DTCC Connection

Jun 19, 2017 • DTCC Connection

DTCC’s Wetjen Discusses Role of Standard Setting Bodies at IOSCO 2017

By Madiha Arsalan

Wetjen - IOSCO - 300pxMark Wetjen, DTCC Managing Director and Head of Global Public Policy, discussed margin, data standards and the importance of the International Organization of Securities Commissions (IOSCO) and other standard setting bodies (SSBs) on a panel at IOSCO’s 42nd Annual Conference in Montego Bay, Jamaica.

The annual conference, held May 14 through 18, attracted a global audience including leaders from financial institutions, regulators and stock exchanges. Established in 1983, IOSCO is the international body that brings together the world's securities regulators and is recognized as the global standard setter for the securities sector. IOSCO develops, implements and promotes adherence to internationally recognized standards for securities regulation.

Moderated by Eric Pan, Director, Officer of International Affairs, Commodity Futures Trading Commission (CFTC), the panel highlighted work done by IOSCO-BCBS on margin issues and by CPMI-IOSCO on data standards and Principles for Financial Market Infrastructures (PFMI). Wetjen’s fellow panelists were Martin Moloney, Head of Markets Policy Division, Central Bank of Ireland, and Richard Cantor, Chief Credit Officer, Moody’s Investor Service.

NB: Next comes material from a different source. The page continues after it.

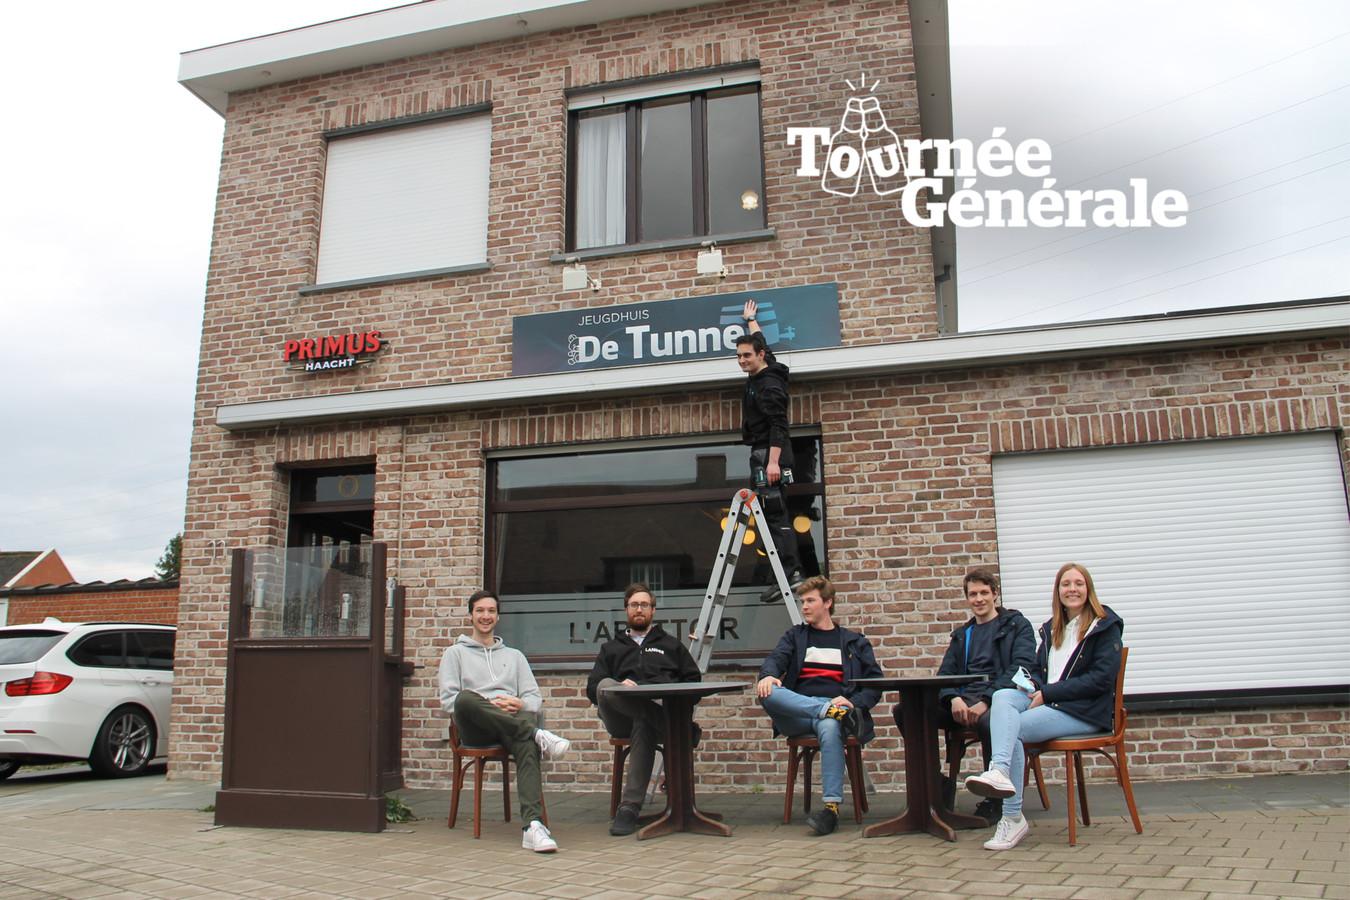 Jeugdhuis De Tunne zet alvast zijn terras klaar voor de heropening van de horeca nu zaterdag.

IOSCO’s Position in the Financial Industry

Addressing the role of SSBs such as IOSCO in financial services, Wetjen said they should continue to ensure minimum standards for regulatory requirements to help avoid regulatory arbitrage and to drive consensus on needed policy responses. He explained that IOSCO has had a meaningful impact in three key areas at DTCC:

    1. Data standards, with the work done on Uniform Product Identifiers (UPI) and Uniform Trade Identifiers (UTI), and its importance to the efforts toward data harmonization for swaps.
    2. Guidance on Cyber resilience, which led to some confusion due to the mandate of a two-hour resumption requirement. The SEC and CFTC chose not to take this approach, keeping the diversity of Financial Market Infrastructures (FMI) and cyber events in mind is different.
    3. Central Counterparty (CCP) recovery work, which has been well-intentioned but needs to be developed further to reflect differences in CCP governance structures and the markets they serve.

While looking at how financial firms such as DTCC deal with regulatory changes with IOSCO and other SSBs, Wetjen said it can often be a challenge to get ahead of these changes. He suggested a process change of bringing financial firms into the conversation early on, and soliciting consensus before consultations are released to the public while also keeping timeliness in mind.

"This could be done through roundtables or other such efforts that seek input in a more transparent and inclusive way," Wetjen said. “The downside is that this can prolong the process, and expedience regarding policy making is always a good thing, as long as it's deliberate and informed.  To be more precise, we would like to see the work on UTI and UPI be completed as quickly as possible."

International Standards and Domestic Laws

The panel also discussed the financial crisis, and the subsequent flurry of international standards efforts made by IOSCO, the FSB and the Basel Committee. Simultaneously, there was a great deal of national and regional rulemaking, which implemented reforms required under new European Union (EU) legislation, the Dodd-Frank Act and similar laws in other jurisdictions.

Panelists were asked how international standards should complement domestic rulemaking.

Wetjen explained that it wasn’t simplistic enough of a topic for there to be only one answer to the questions, and the solution for each region and each situation is purely circumstantial. While there are many circumstances that would reap more benefits from SSBs making the first move, it is important to keep in mind that their work should not be considered law in each jurisdiction.

"Where the incentives are significant for policy makers to over-weigh considerations around competition in a way that will minimize baseline standards related to risk management, it's useful to have the standard setters move first," Wetjen said. "However, one thing I feel strongly about: IOSCO and other standard setters should not be doing work that has the effect of law in each jurisdiction it impacts.  These organizations are standard setters, not law makers.  I would recommend that each piece of work done by IOSCO should make this plain."